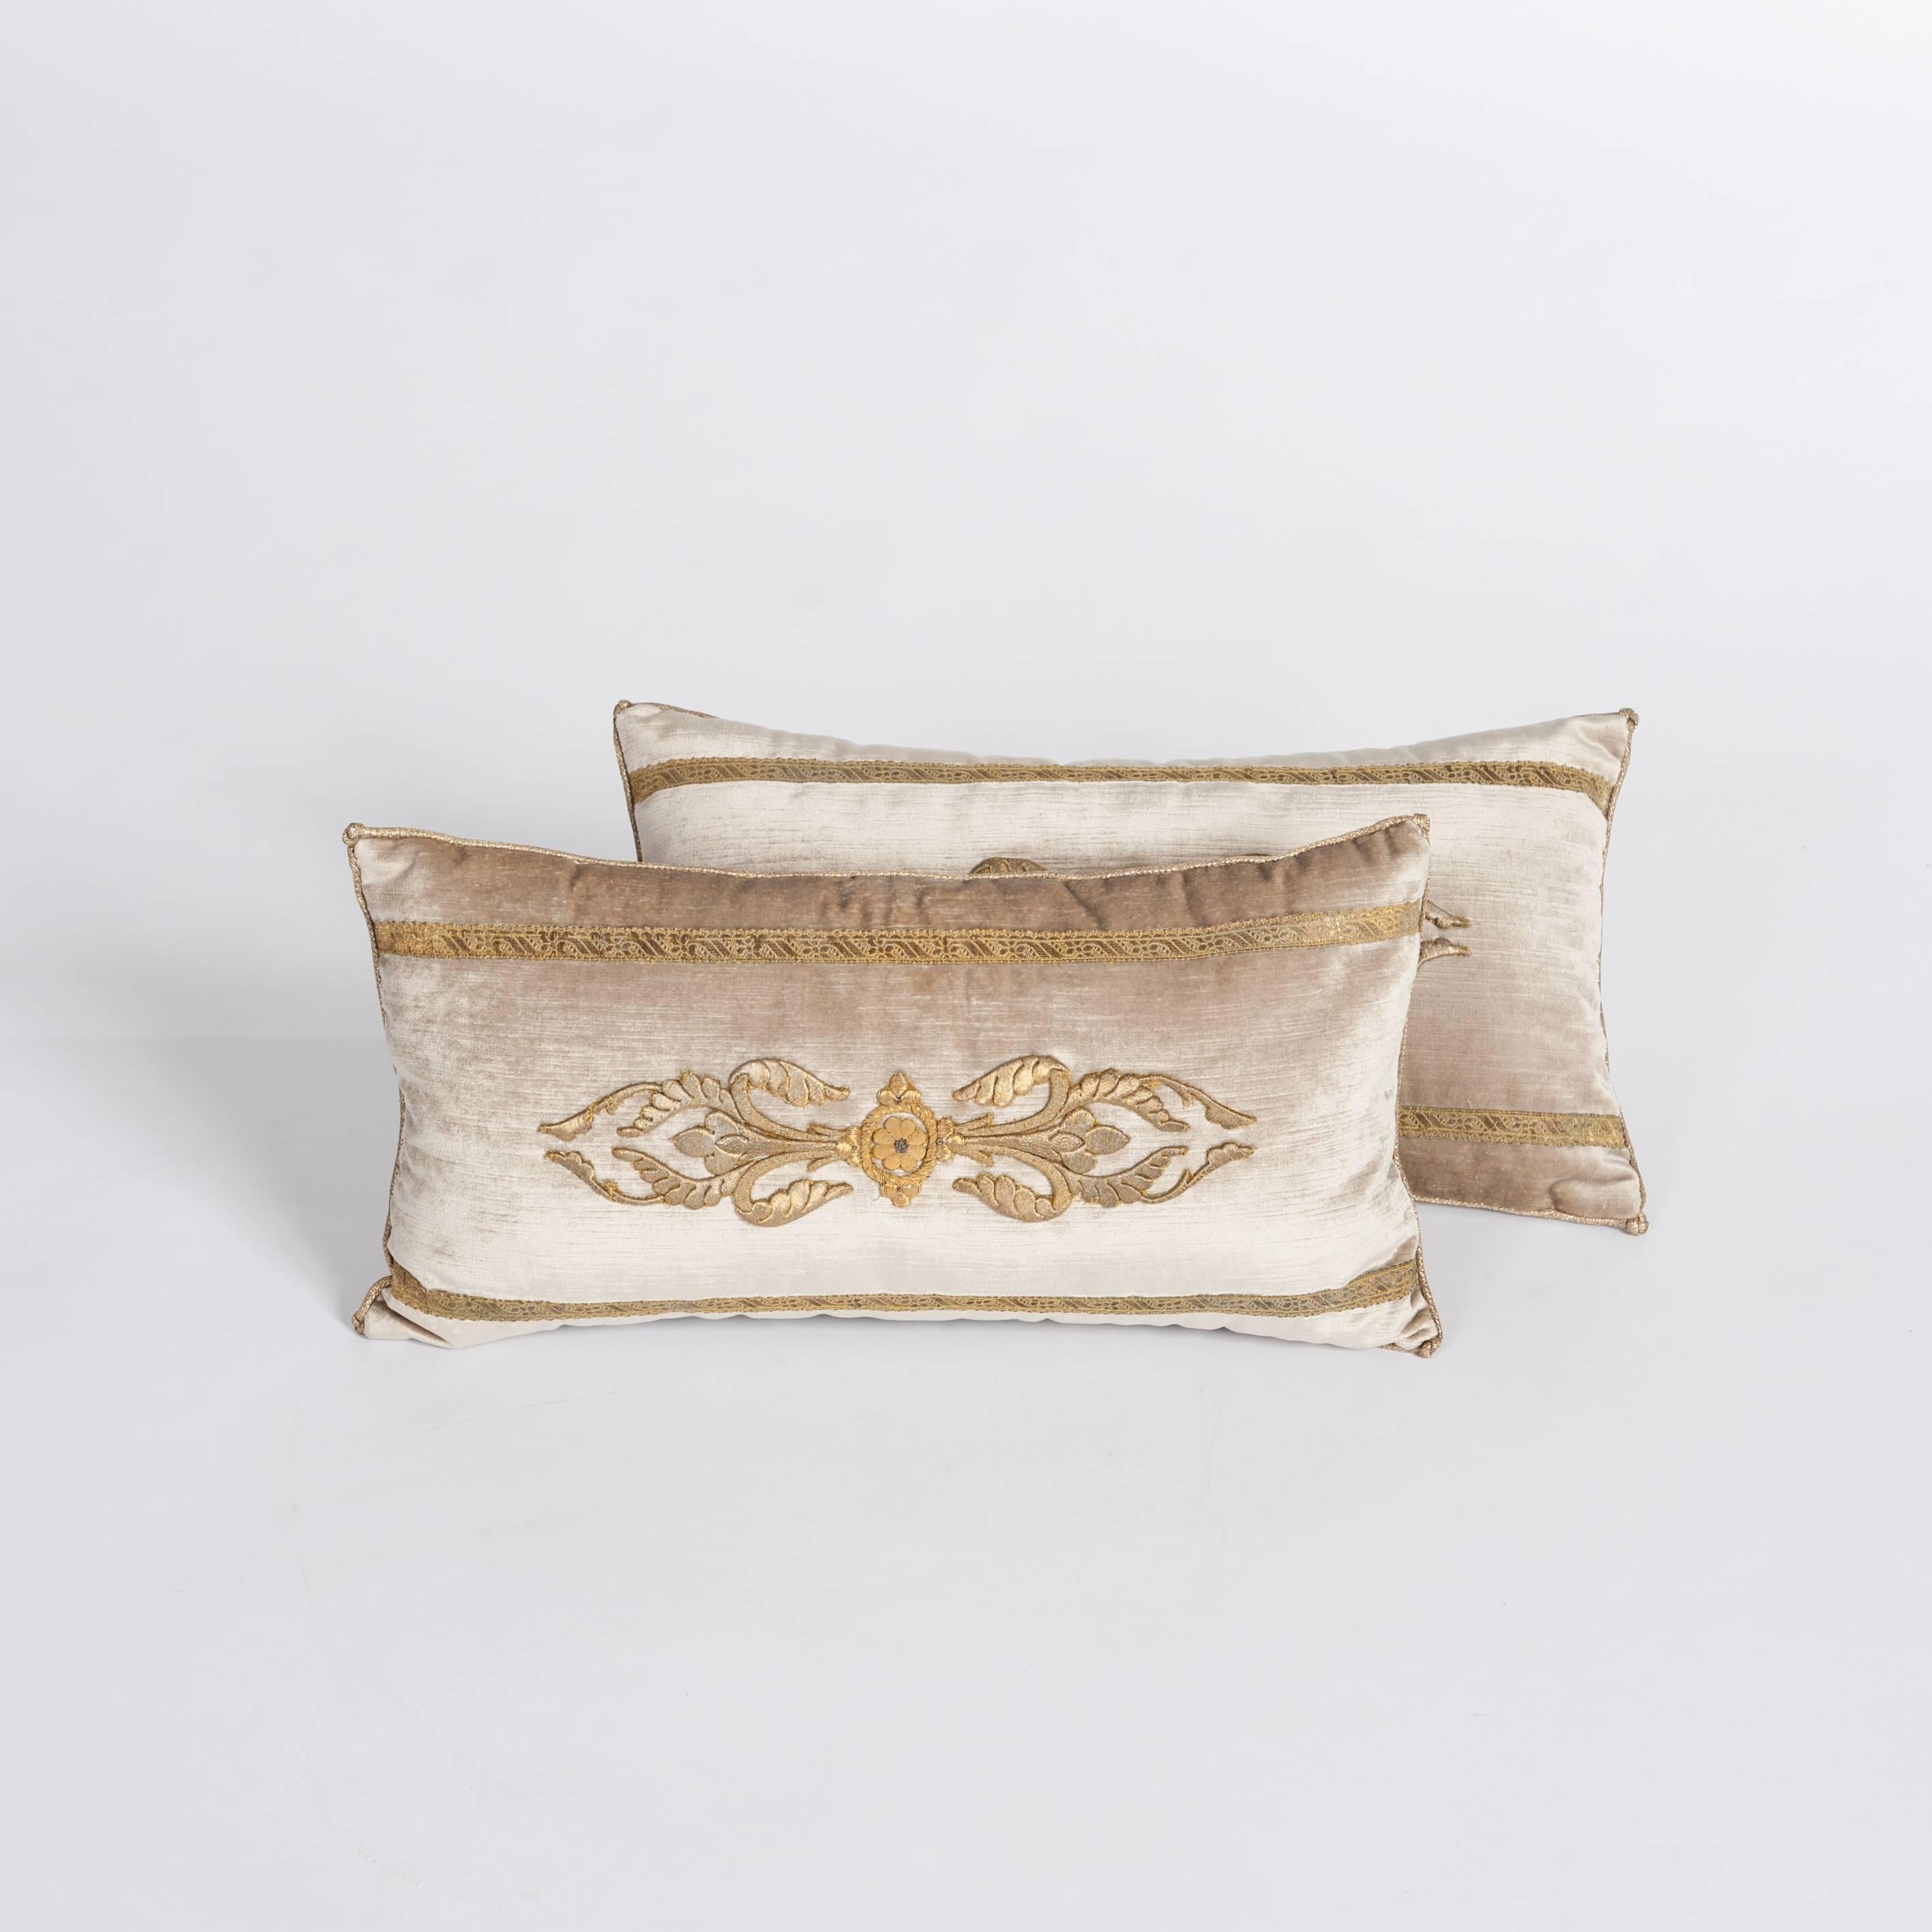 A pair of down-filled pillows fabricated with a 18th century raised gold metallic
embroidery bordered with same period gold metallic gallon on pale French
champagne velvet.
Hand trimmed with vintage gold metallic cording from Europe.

* * * * * * * * *

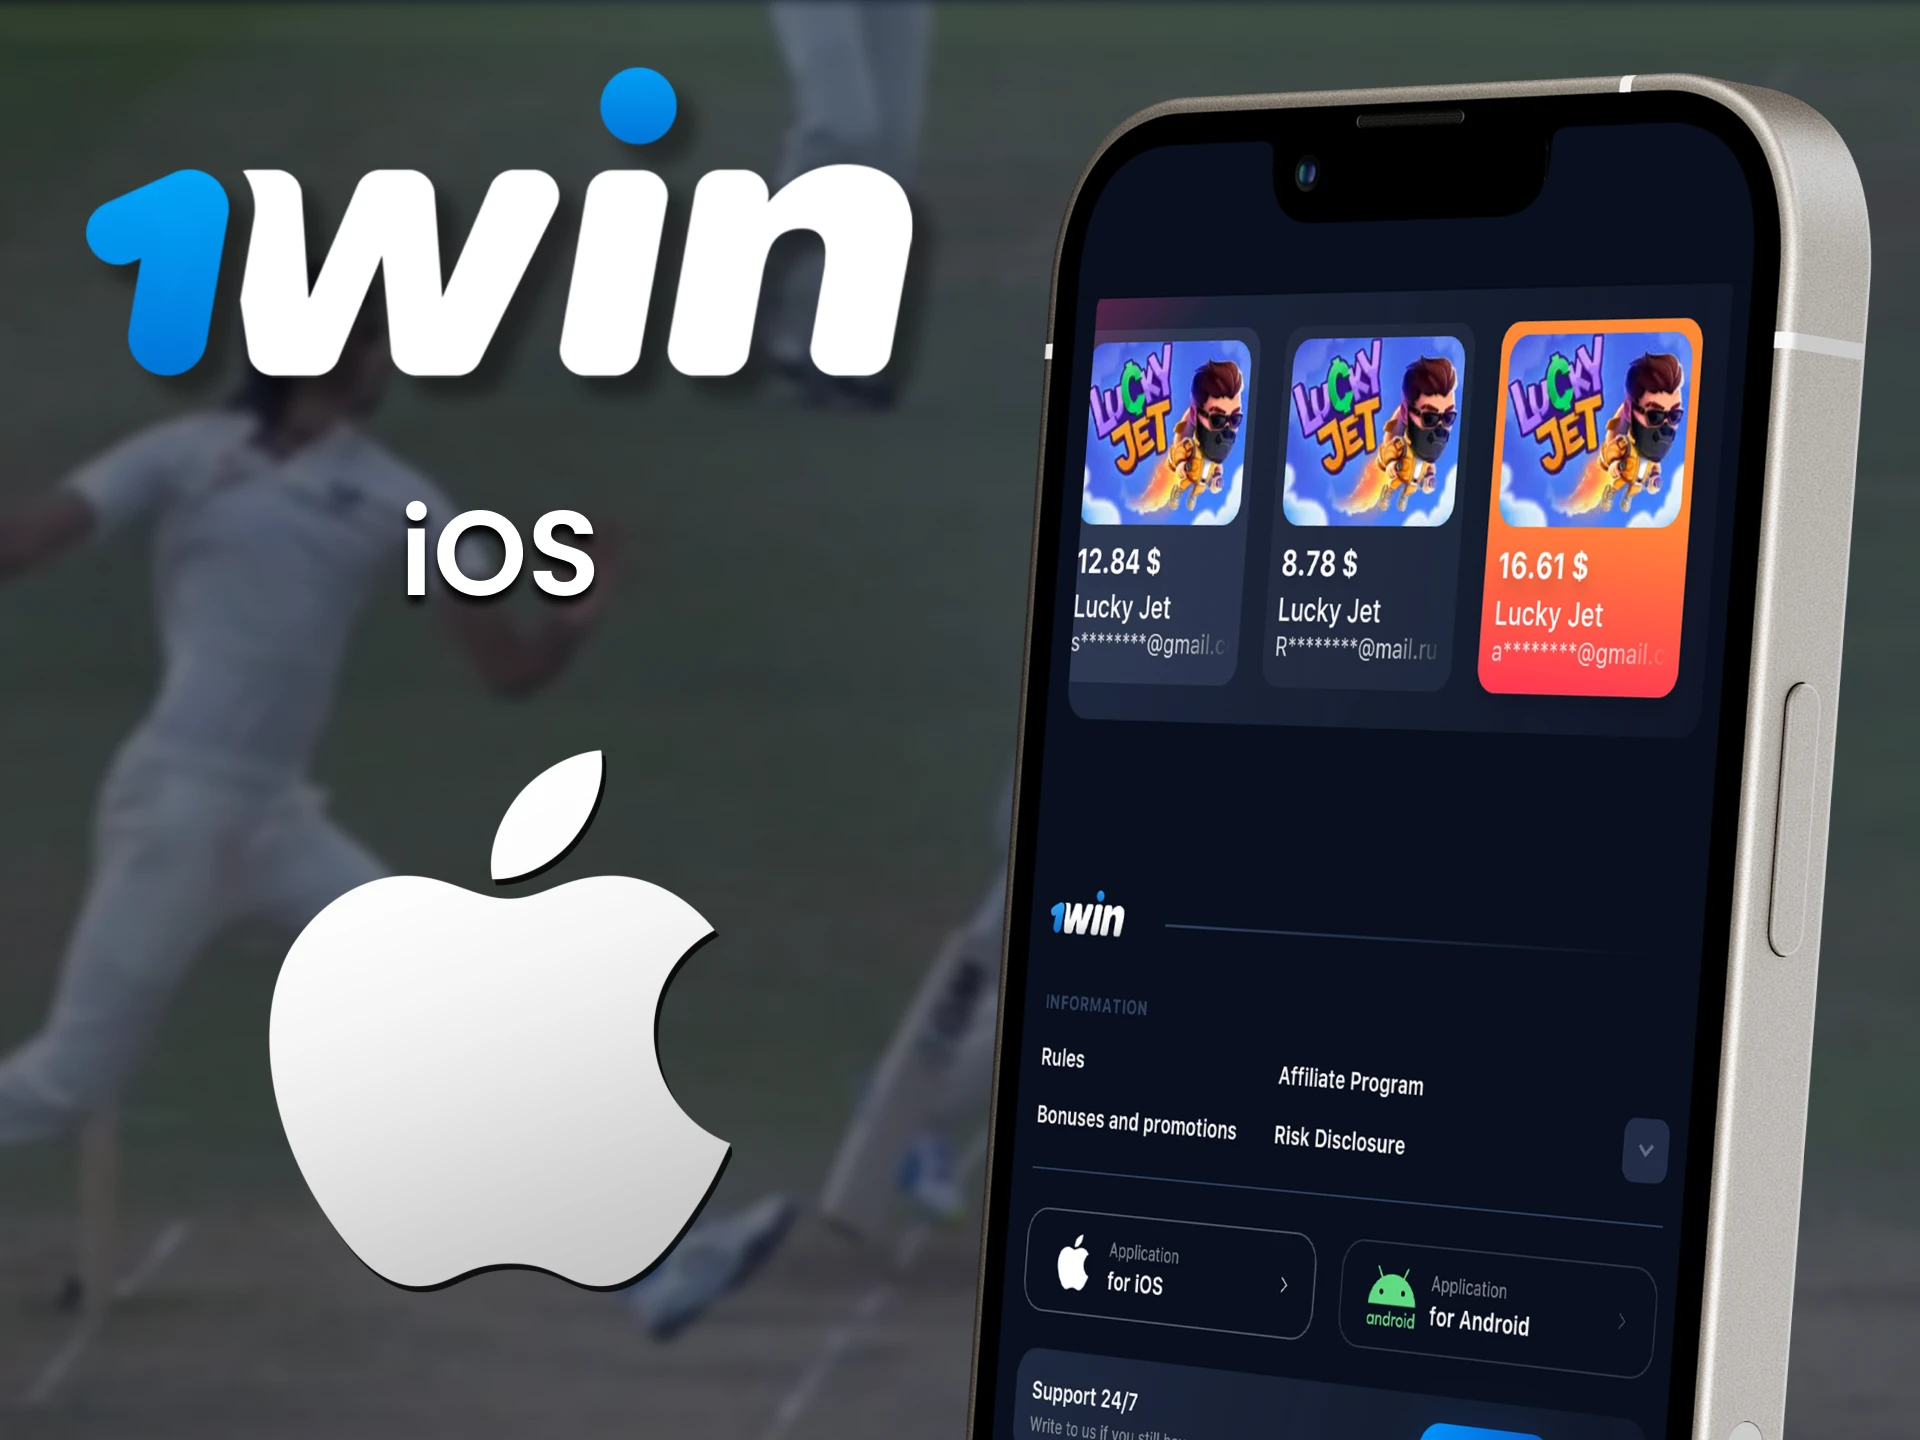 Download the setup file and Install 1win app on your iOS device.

* * * * * * * * *

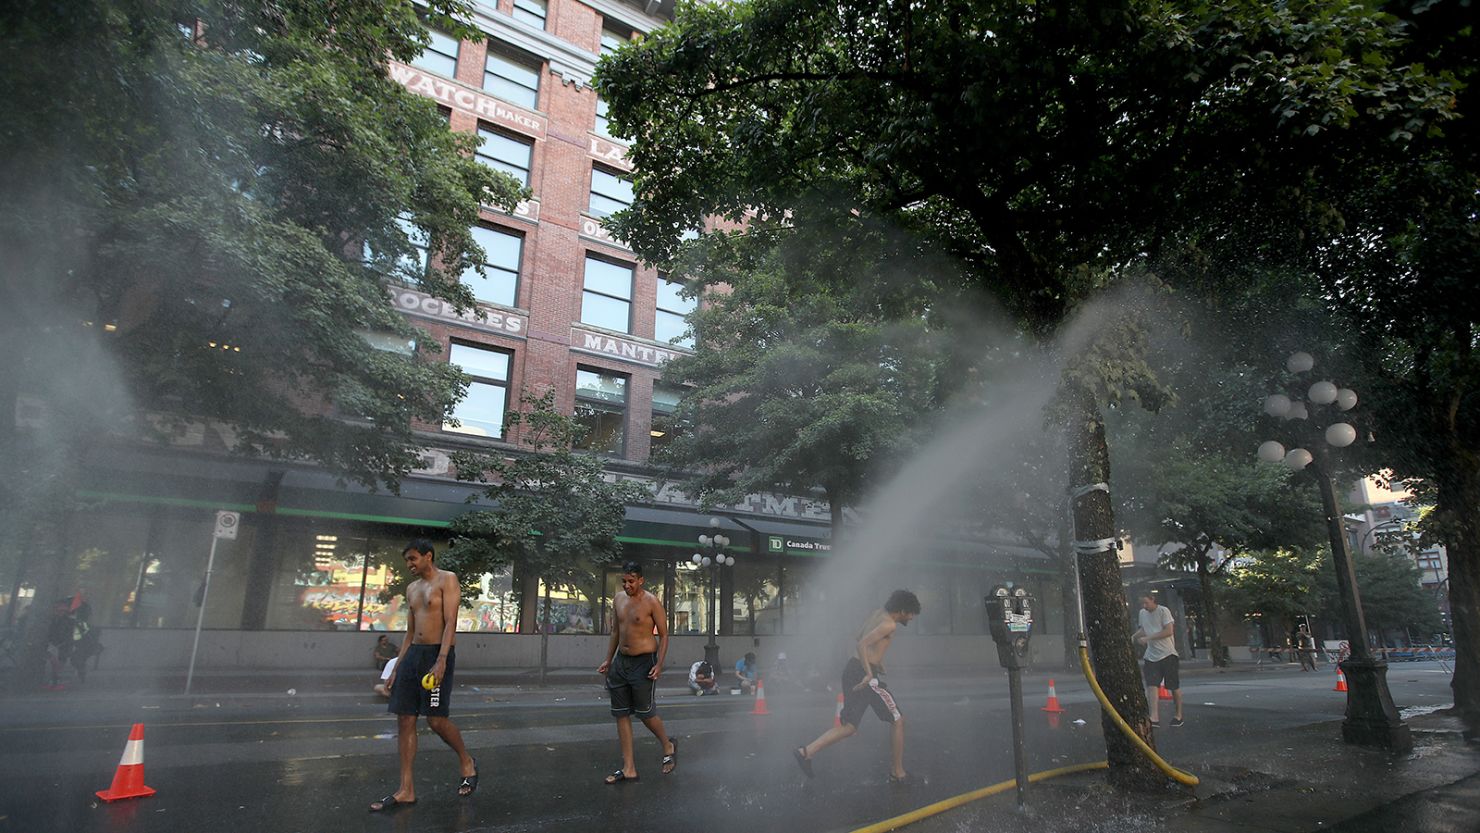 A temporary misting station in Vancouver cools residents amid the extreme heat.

* * * * * * * * *

TASK TO COMPLETE
Reproduce, exactly and only, the lines of the records above starting at the line with "A pair of down-filled" and ending at the line with "Hand trimmed with", both included. Leave every picture out.

EXPECTED OUTPUT
 A pair of down-filled pillows fabricated with a 18th century raised gold metallic
embroidery bordered with same period gold metallic gallon on pale French
champagne velvet.
Hand trimmed with vintage gold metallic cording from Europe.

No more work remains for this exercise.